Несмелый малый (Романов)

Несмелый малый
автор Пантелеймон Сергеевич Романов (1884—1938)
Источник: Советский юмористический рассказ 20—30-х годов / Сост. Е. Глущенко — М.: Правда, 1987. — С. 490—494. — 500 000 экз.

Около магазина с разбитыми наружными стеклами, заделанными досками, была давка.

Дожидавшиеся на улице люди в самодельных суконных башмаках, с холстинными сумками за спинами, всунув руки в рукава, топтались на месте от холода и всякий раз повертывали головы к входной двери, когда кто-нибудь выходил оттуда со свертком. Некоторые приотворяли дверь и заглядывали в магазин. Но стоявший у двери малый в фартуке сейчас же нажимал дверью на всунувшуюся голову и выпирал ее обратно.

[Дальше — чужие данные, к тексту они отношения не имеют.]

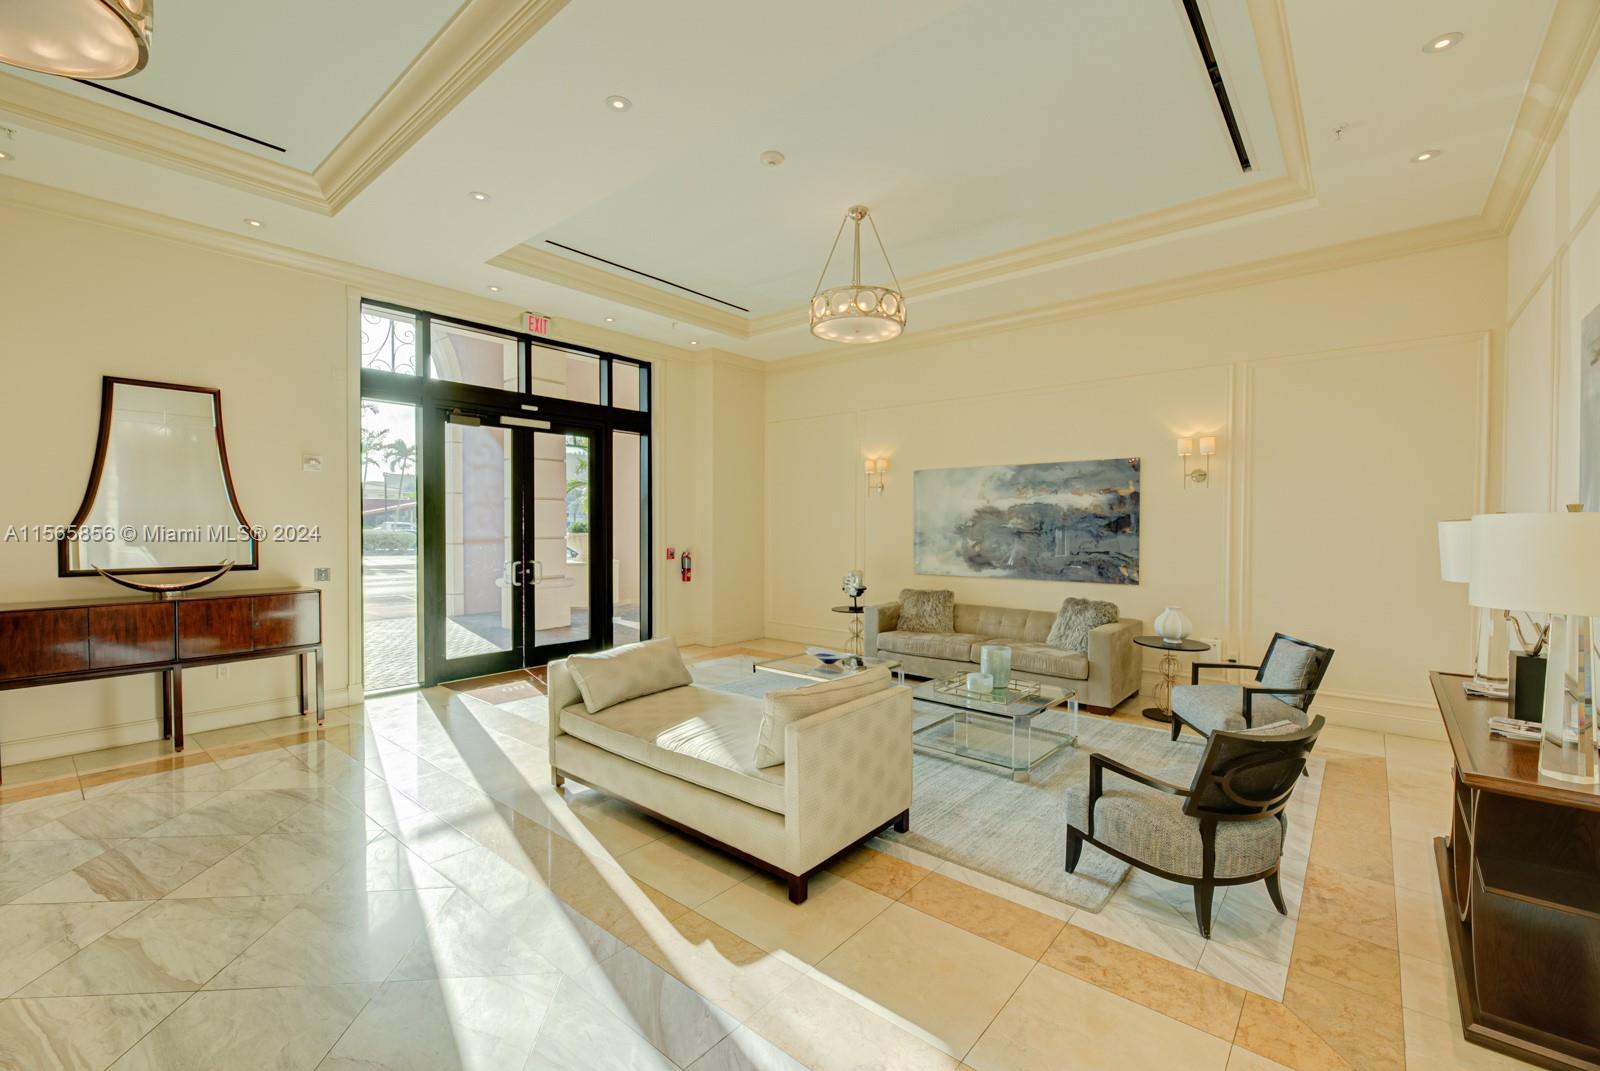 Introducing this spacious condo located in the heart of Coral Gables, offering the perfect blend of luxury and convenience w/spectacular views. This spacious (924 s/f), 1 bedroom, plus den unit features 1.5 baths, providing ample space for comfortable living. The den provides versatility and can be used as a home office, guest room, or additional living space. Residents of this exceptional condo will have access to 24/7 security, fitness center, swimming pool, and secured parking. Features include Italian cabinetry, granite countertops, stainless steel appliances, marble throughout bathrooms, impact windows, and one assigned parking space. Washer & dryer in unit. Either walk or take the trolley to Miracle Mile for great restaurants, shopping & art galleries. A MUST SEE!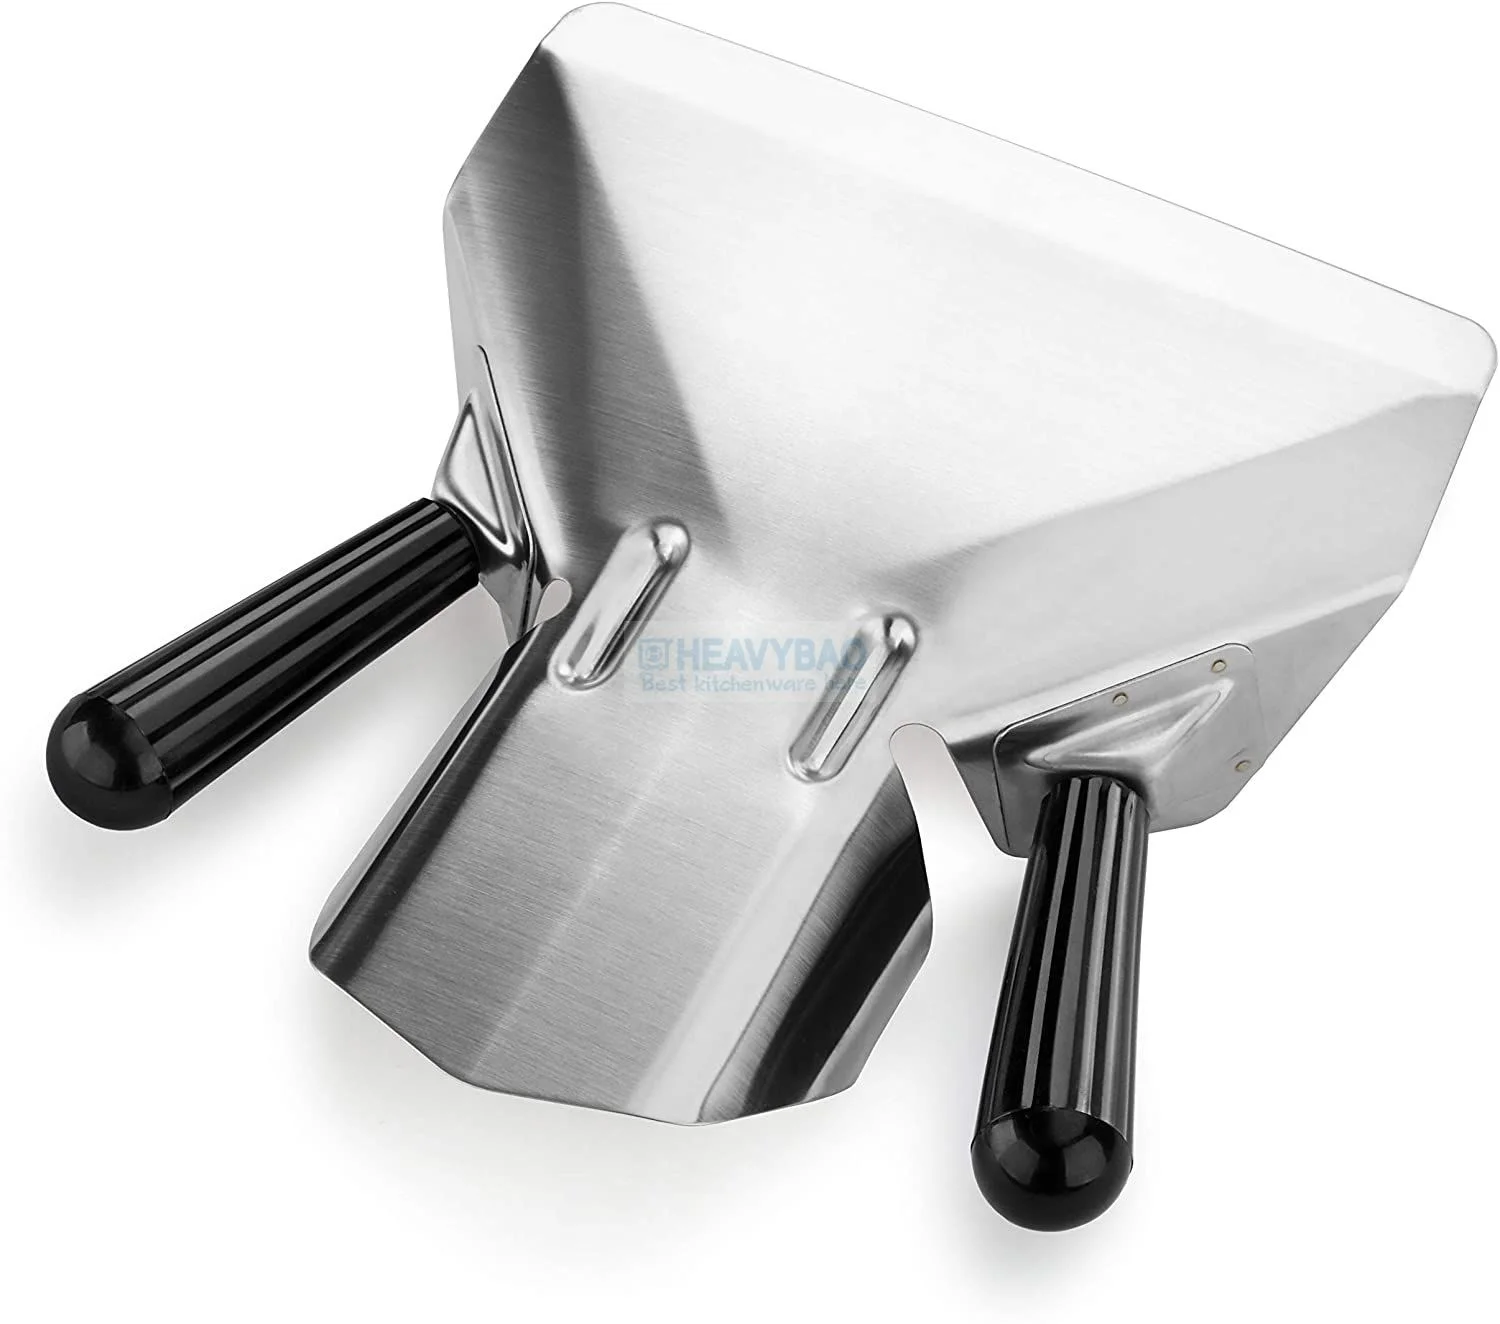 3 x Stainless Steel Chip Shop Serving Scoops Shovels Baggers Fast Food Take Away

— Что, выдали? — спрашивали выходивших из магазина.

— Не знаю, матушка, не разберешь, — сказала старушка лет семидесяти и стала развертывать бумагу.

— А тебе что нужно-то было?

— Рубаху старику да шапку, а они, вишь вот, пеленки зачем-то дали да крючков.

— С пеленками-то немножко опоздали, — сказал какой-то рабочий, — сколько тебе годков-то?..

— С самого утра стояла, — сказала, не ответив рабочему, старуха.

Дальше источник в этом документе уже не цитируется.